Por otro lado, la cuaresma refleja una actitud personal, y grupal, de moderación, y respeto, en la vida cotidiana. Esta actitud de moderación permite generar un clima de discernimiento frente a los desafíos de cada día. El ayuno se expresa hoy, no solamente en los gestos materiales, sino en la humildad y sencillez de los corazones y las actitudes personales. Tal vez un tiempo para que los católicos, sobre todo los que se encuentran en funciones públicas, piensen en moderar el todo de las pretensiones, o las acusaciones, o los enfrentamientos, de obra y de palabra.
Finalmente, este tiempo es un tiempo de acercamiento a Dios, a través de la oración y la plegaria. Tiempo para ir generando una verdadera reconciliación, consigo mismo, con los demás y con Dios. Una reconciliación que va más allá de la simple tolerancia, fundada en la mayoría de los casos en flagrantes injusticias. La reconciliación verdadera es el encuentro con ese Dios que resucita en Pascua, que es vida, que es salvación.
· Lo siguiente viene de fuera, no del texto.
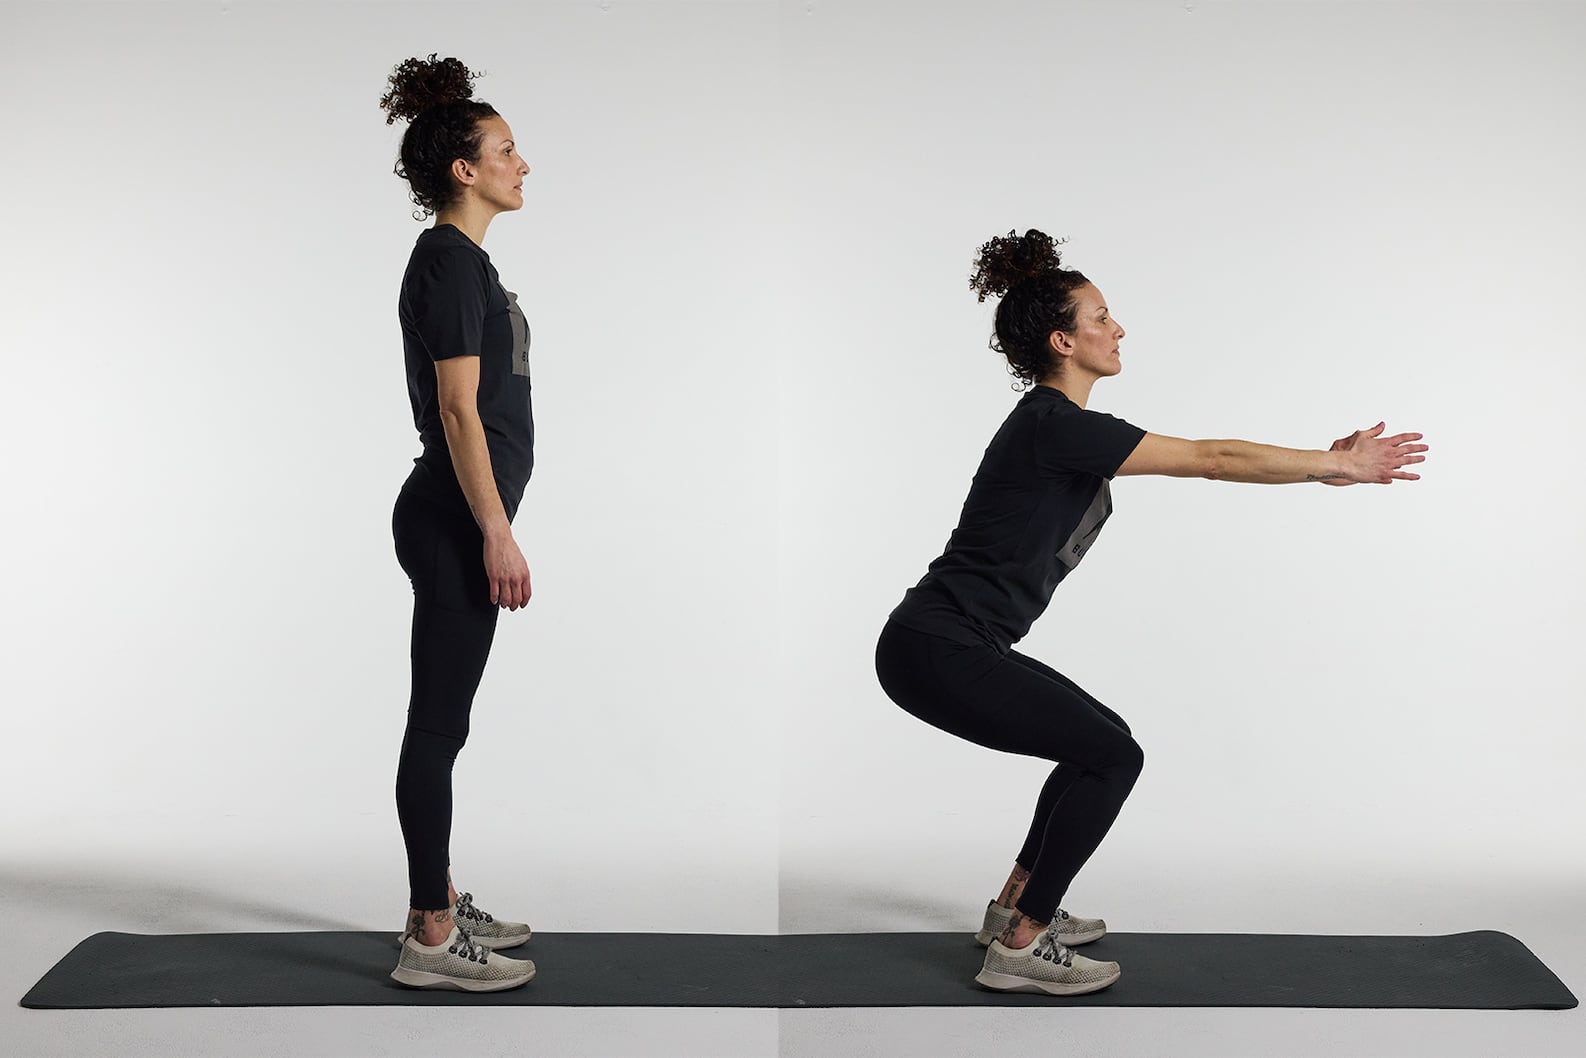 The Snowboarder's Workout: 13 Exercises to Build Strength

Reconciliación es reconocer en el otro la propia imagen de Cristo, y construir juntos el Reino de Dios. Es trabajar profundamente por la paz y la justicia, por la vida y la libertad.
Por ello, valga siempre la oportunidad de dotar a nuestras actividades de una mayor profundidad y calidad, mediante una evaluación profunda de los alcances y las consecuencias de los actos personales, y sociales. No está demás que este tiempo sea un llamado para católicos y no católicos, para iniciar un proceso de reconciliación y de verdad. Por supuesto, sin que esto pueda significar perder la necesaria sencillez y humildad, actitudes muchas veces reñidas con la simple obsesión de poder. La cuaresma puede ser un tiempo de reencuentro entre hermanos y hermanas, enriqueciéndonos y valorando, nuestras propias diferencias.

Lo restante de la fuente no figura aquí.